(EXERCISE):
Starting at the line that contains "A variety of" in the listing below, write out every line word for word until you have written the line that contains "Top 10 Best".

(EXTRACTED RECORDS):
-=-=-=-=-
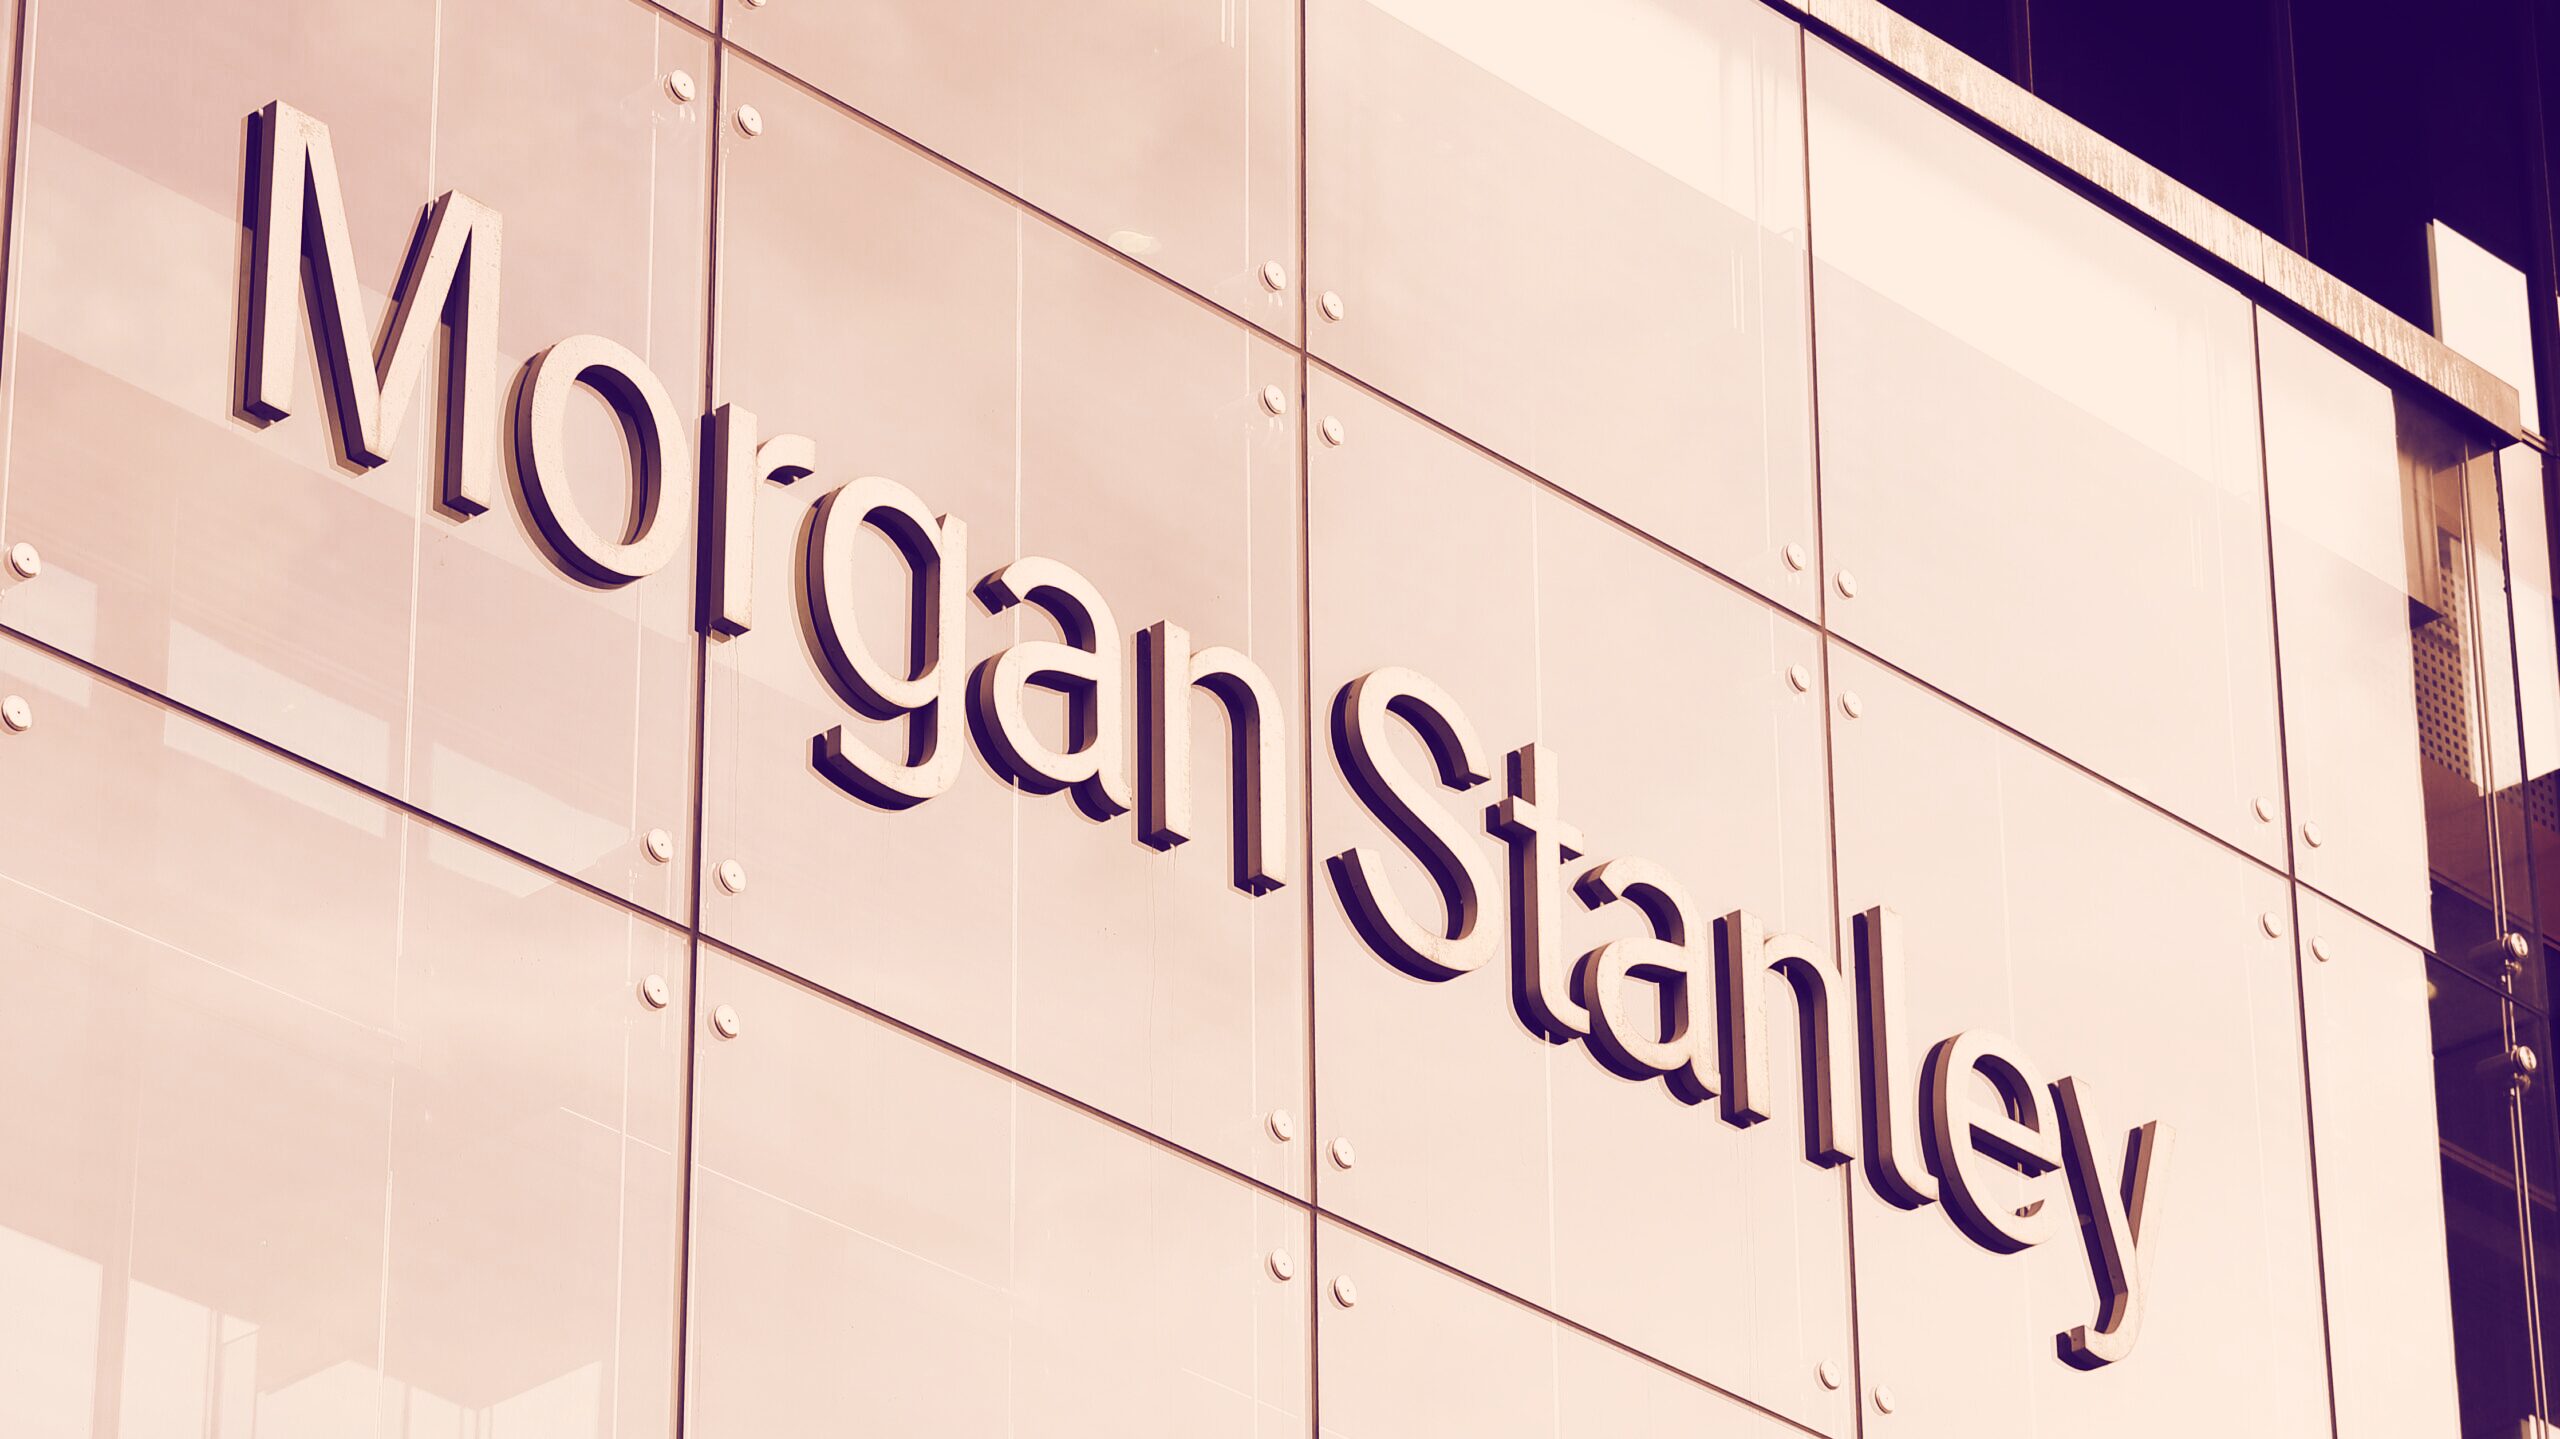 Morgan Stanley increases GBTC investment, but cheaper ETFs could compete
-=-=-=-=-
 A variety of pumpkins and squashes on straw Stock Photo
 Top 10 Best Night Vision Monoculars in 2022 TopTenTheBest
-=-=-=-=-
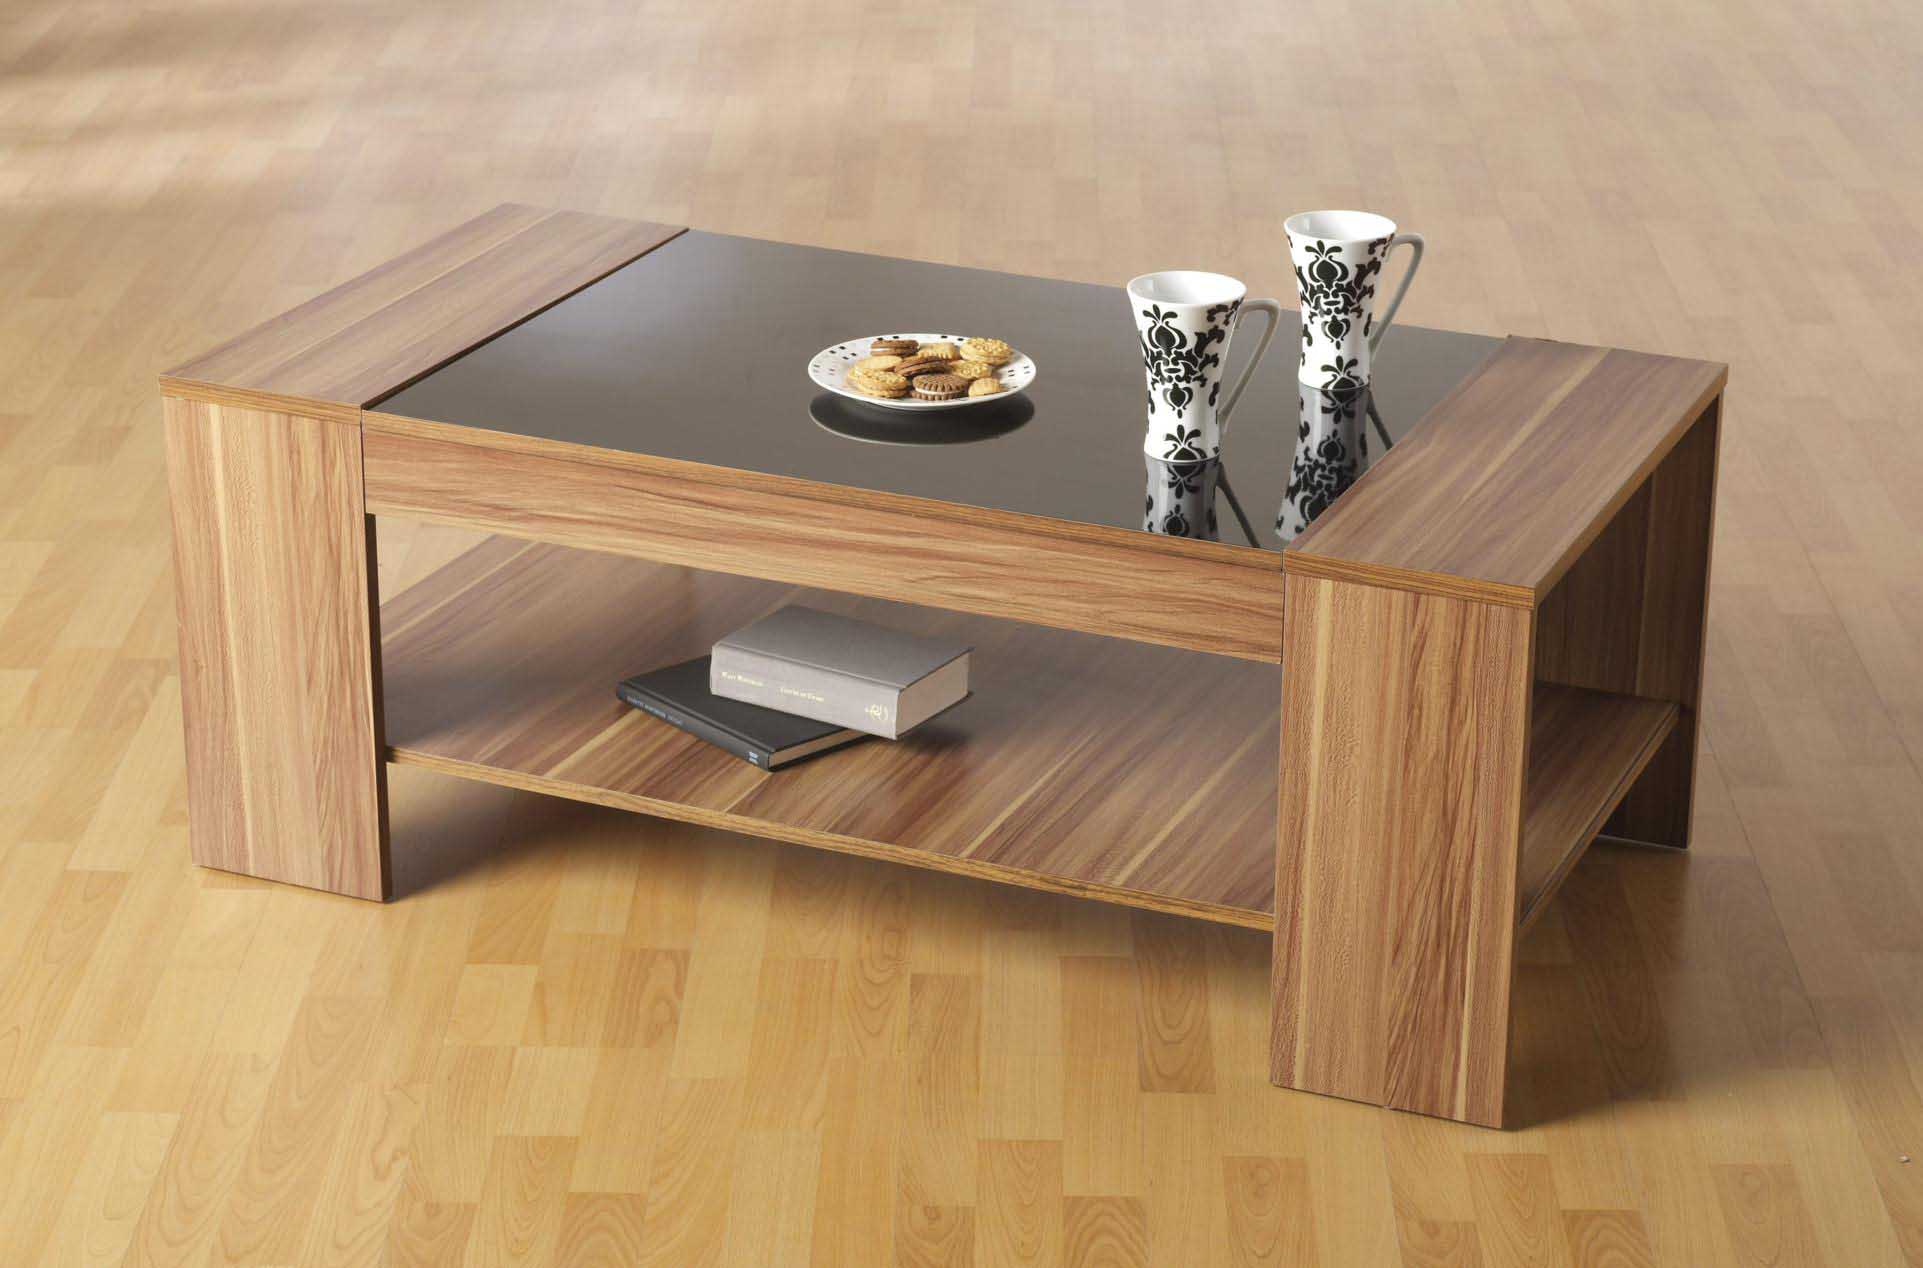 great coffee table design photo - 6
-=-=-=-=-
(ANSWER AREA):
 A variety of pumpkins and squashes on straw Stock Photo
 Top 10 Best Night Vision Monoculars in 2022 TopTenTheBest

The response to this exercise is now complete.